Он стоял, покуривая трубку, и ждал. Ожидание его не затянулось. Прошла минута или две, и из плотного мрака на свет вышел человек. Он был высок и широкоплеч и шел легкой походкой опытного бойца. Но шел он медленно, чуть разведя в стороны пустые руки, давая возможность Карлу увидеть его и оценить мирные намерения.

— Доброй ночи, капитан, — сказал человек, приблизившись к Карлу, и в знак уважения снял с головы шляпу.

— Здравствуй, Август, — ответил Карл, рассматривая старого знакомца. — Как поживаешь?

— Хвала Единому! — серьезно ответил Август по прозвищу Лешак. — Я нахожусь в здравии, и моя жизнь устроена.

— Кому ты служишь теперь, Август? — спросил Карл.

— Князю, — коротко ответил Лешак и тут же пояснил: — Но меня послал не он.

— Имени нанимателя ты мне, конечно, не скажешь. — Карл не спрашивал, а размышлял вслух. — Но что ты скажешь ему?

— Скажу, что Карл из Линда мне не по зубам, — усмехнулся Лешак. — И скажу за вас слово. Нормальные люди не будут щупать вашу тень, капитан. Даю слово.

— Хорошо, Август, — кивнул Карл. — Я принимаю твое слово. Но скажи, он приказал тебе ждать меня сегодня ночью?

— Да, — кивнул Лешак. — Сегодня ночью между вашим домом и гаванью.

— Ты видел?

— Да.

— Что скажешь?

— Люди говорят, что в городе опять объявился оборотень.

— Давно?

— Кошка бродит третью ночь.

— Спасибо, солдат, — сказал Карл. — Прощай.

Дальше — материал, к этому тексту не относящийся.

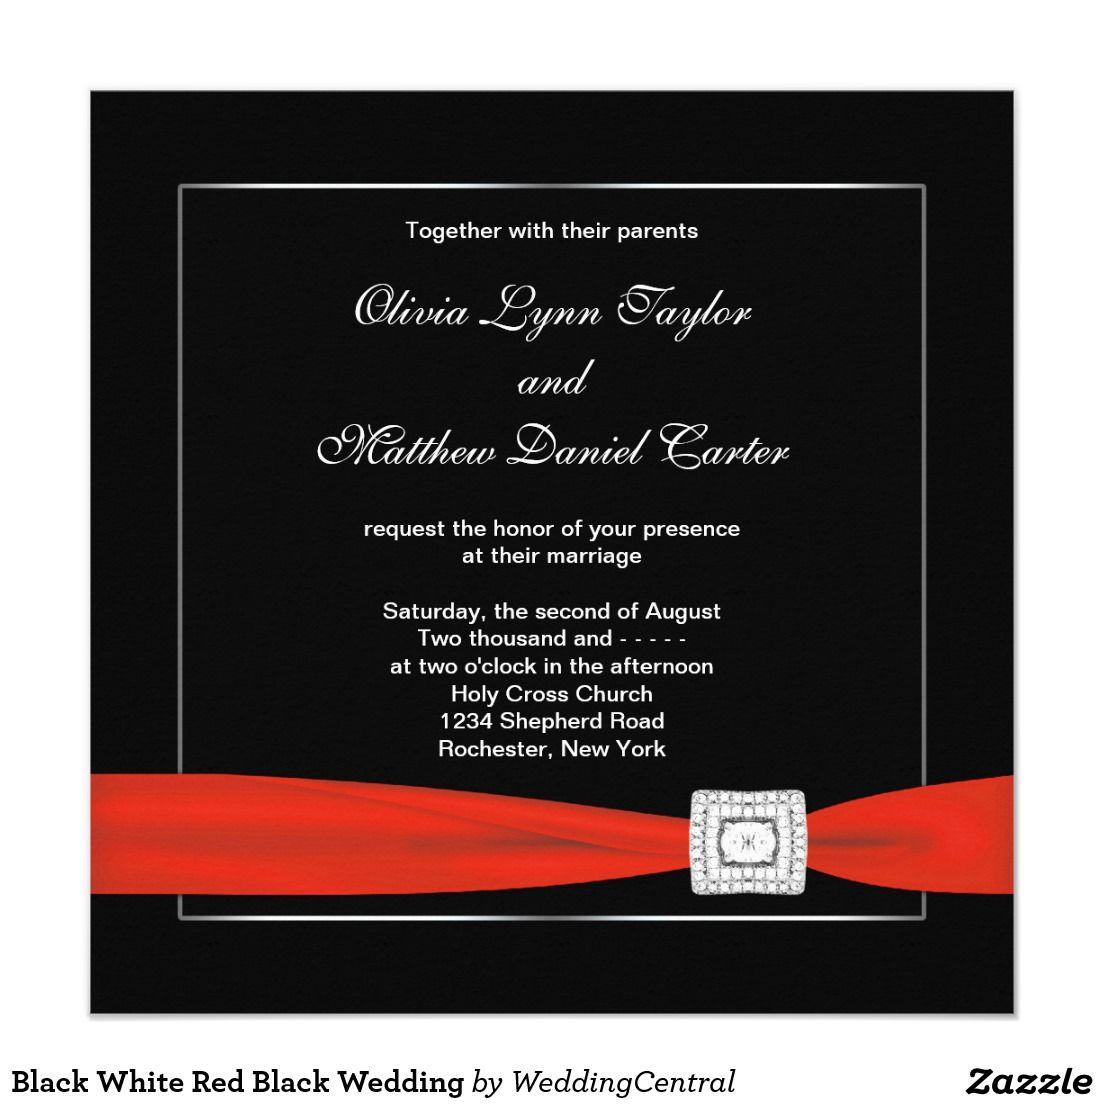 Black White Red Black Wedding Invitation   Pinterest   Red black ...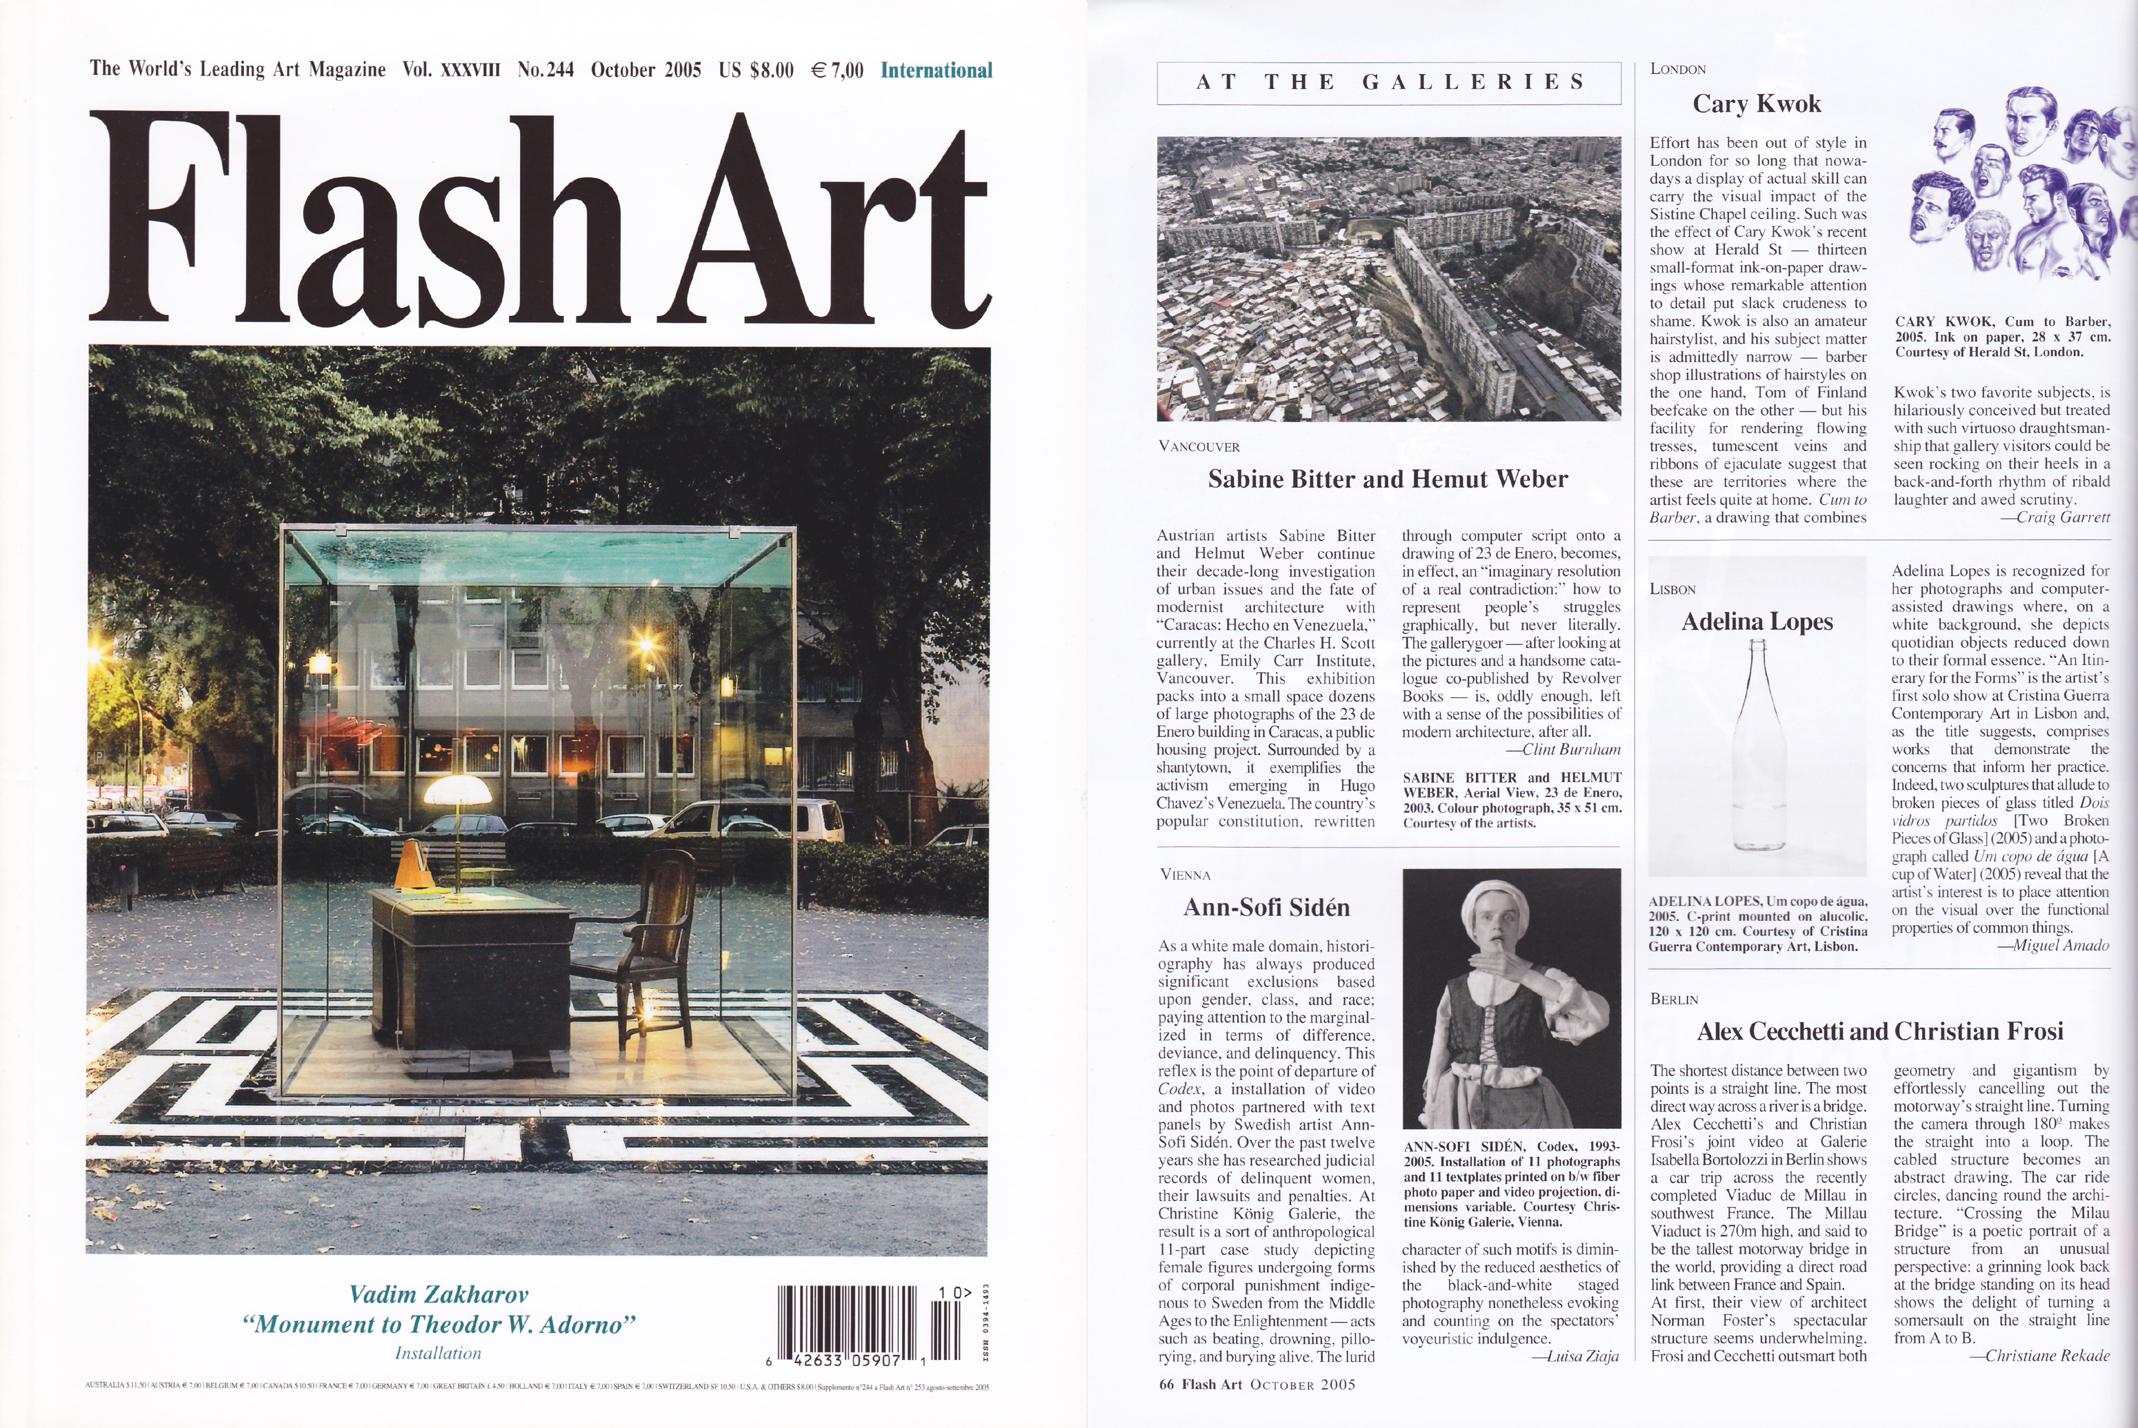 Cary Kwok - Flash Art Magazine (Vol  XXXVIII No 244) - Oct 2005 (e).jpg

Он обошел Августа и направился домой. Сердце больше никуда его не звало.

6

Встав с солнцем, Карл постоял секунду, в нерешительности глядя на Дебору, но затем, решив дать ей еще поспать, тихо спустился на первый этаж, проверил, плотно ли закрыты ставни, и только после этого приступил к своим утренним упражнениям. Впрочем, уже через несколько минут легкий шум на втором этаже дал ему знать, что Дебора проснулась. Она спустилась уже одетая и причесанная, когда Карл заканчивал упражнения третьей ступени.

— Доброе утро, — сказала она ему, проходя на кухню. При виде обнаженного Карла она больше не краснела.

— Доброе утро, — сказал он через несколько мгновений, когда короткая пауза в связке позволила ему это сделать.

— Я приготовлю завтрак? — спросила она.

— Я буду готов через полчаса, — ответил он ей еще через минуту. — Поставь кипятиться воду. Большой чан.

— Хорошо, Карл, — ответила она из кухни. — Через полчаса.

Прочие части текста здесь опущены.